Si les trains expos voyagent sur le réseau français depuis 1973, aucun TGV ne lui avait été dédié. « Il fallait la capacité d’aller au devant des industriels et des clients, reprend-il. Avant les fêtes, le sujet du chocolat s’est imposé de lui-même. »

La SNCF s’est associée aux industriels et au musée du chocolat de Mulhouse pour un étonnant voyage dans le temps. Il est passé d’une monnaie d’échange à l’époque des aztèques à un art aujourd’hui, d’une boisson salée à un dessert doux amer d’abord travaillé par… des apothicaires.

Grand succès rencontré par l’opération « Six Gares En Chocolat » à Paris

Six jours dans six gares parisiennes jusqu’au 4 décembre sur les quais des grandes gares parisiennes et après dans d’autres villes, le Train du Musée des secrets du chocolat invite les fondus de « cacao de 7 à 77 ans » à y découvrir Tout sur leur gourmandise préférée

« Ce TGV totalement relooké : « C’est bon dedans et c’est beau dehors (…) est sollicité par des passionnés qui nous demandent les horaires de passage. On a d’ailleurs décidé de le commercialiser sous forme miniature », sourit Michel Fremder, directeur de Trains Expo SNCF..

Le train entre en gare

C’est à « Très Grande Vitesse » que je vous invite à monter à bord si vous avez la chance de le voir arriver dans votre gare.

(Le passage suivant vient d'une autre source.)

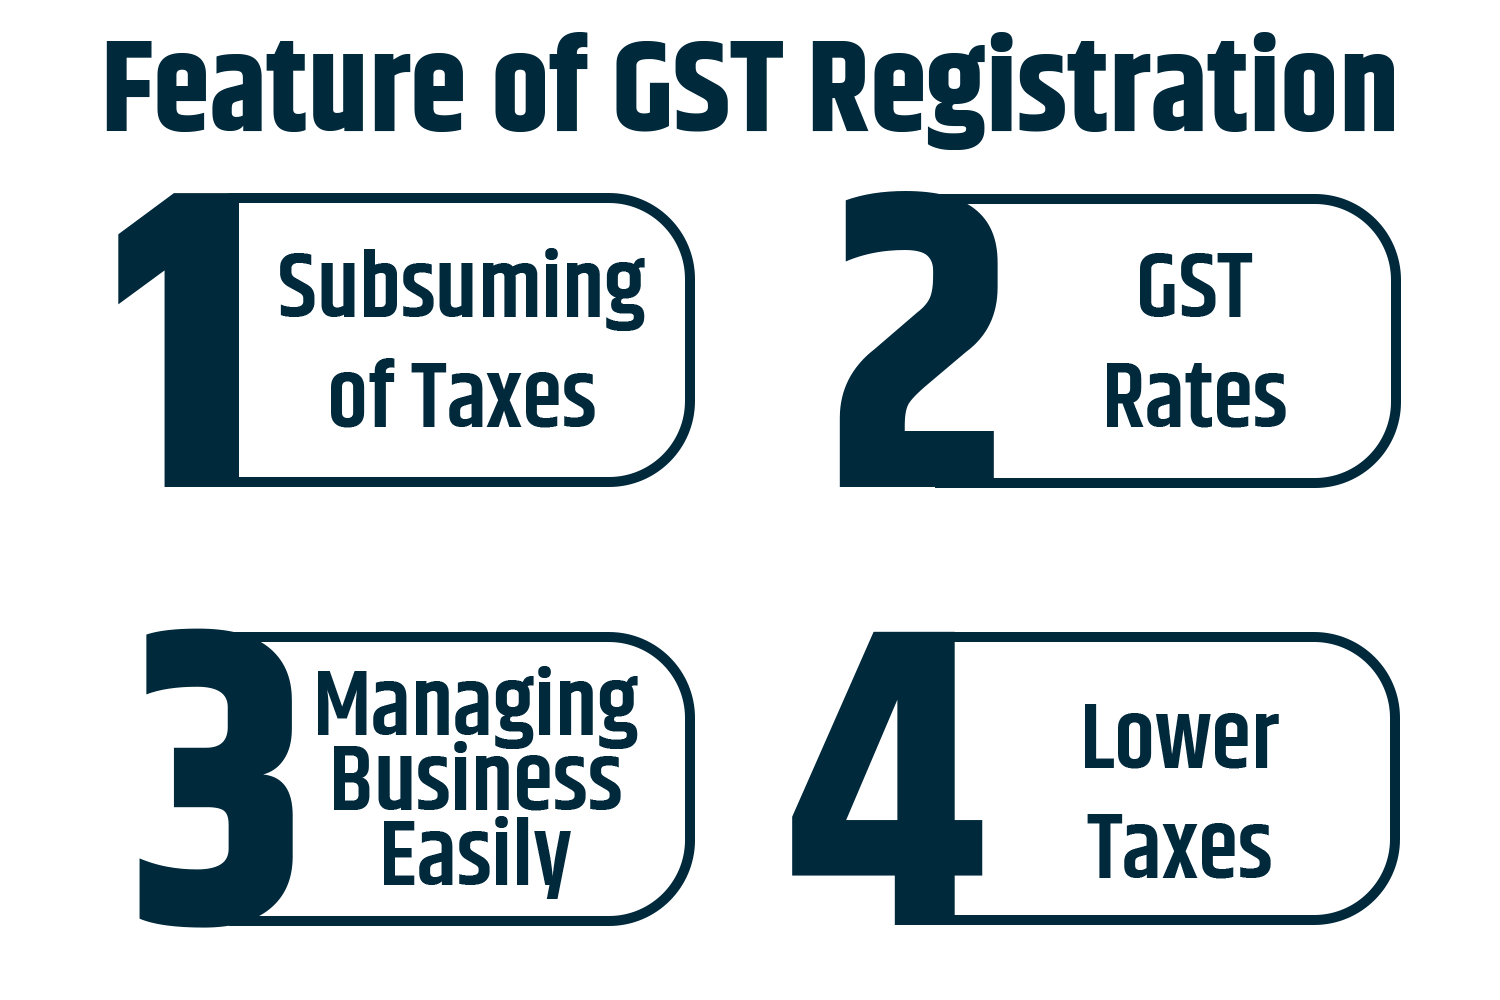 These are the Features of GST Registration

Une belle sortie en famille à bord de la rame trentenaire du TGV, toute de chocolat vêtue :

le wagon sucré offrira au public une exposition qui lui révèlera tous les secrets de la petite fève : Sa naissance, son histoire, son importation…des secrets de production aux produits finis, les douceurs chocolatées

Pour animer l’événement, de grands noms du chocolat seront représentés comme la célèbre ambassadrice du cacao au XVIIème siècle, devenue aujourd’hui l’une des marques de chocolat les plus réputées, la Marquise de Sévigné (que de souvenirs,  cette Marquise de Sévigné avec ses petits parapluies de chocolat qui ont fait les délices de mon enfance)

Le maître chocolatier Yves Thuriès, nommé  l’homme  » qui parle la langue du chocolat » révèlera quelques-uns de ses secrets…on en salive déjà!

« Le métier de chocolatier est relativement moderne. Il n’existait pas il y a encore un siècle, reprend Yves Thuriès. Ce n’est qu’à la fin du XIXe siècle que le matériel a été inventé pour solidifier le cacao. Et au début du XXe que des gens ont commencé en en faire des bonbons. »

Il en parle avec de la gourmandise jusque dans la voix. Des mayas, des incas, de toute l’histoire du chocolat qui l’a amené, quelques siècles plus tard, à en devenir un virtuose. Yves Thuriès est intarissable sur ce trésor qu’il caresse au quotidien.

Dans les wagons de ce TGV pas comme les autres, le meilleur ouvrier de France transmet sa passion. « J’ai apprécié ce moyen de médiatisation, cette façon atypique de faire connaître ce produit, son histoire, mais aussi son procédé. » dont il est l’un des acteurs puisqu’il s’amuse à imaginer des pièces sous les yeux visiteurs, révélant au passage quelques secrets de fabrication.

Bien sûr vous pourrez profiter des animations gourmandes qui vous seront proposées .

Le bénéfice des ventes sera reversée à l’association SOS Rétinite qui sera présente à bord du train ;des spécialistes de la basse vision seront là pour sensibiliser le public et parler de la recherche ophtalmologique.

* Reconnue association d’utilité publique depuis 2004, SOS Rétinite est à l’origine de la venue du train du chocolat dans le sud de la France. Elle-même atteinte de cécité à 95 %, sa présidente Monique Roux (77 ans) a fait de la dégénérescence rétinienne le combat de sa vie :

« On doit se justifier en permanence car nos yeux restent beaux, mais on ne voit plus »,

raconte celle qui fut à l’origine de la création du premier centre de recherche sur la maladie en 1990.

Ndlr : Ma mère a eu une DMLA et il parait que c’est héréditaire alors je ne peux que cautionner cette initiative, d’autant plus que mon père en tant qu’agent SNCF m’a fait connaitre très tôt le train. Comme vous le voyez, je suis parfaitement liée à cette manifestation. Mais je ne sais pas si ce train doit s’arrêter à Toulon…(Heu !)

« 3 millions de Français en sont victimes à des degrés divers. Je me bats pour qu’ensemble, nous fassions reculer la nuit », explique-t-elle.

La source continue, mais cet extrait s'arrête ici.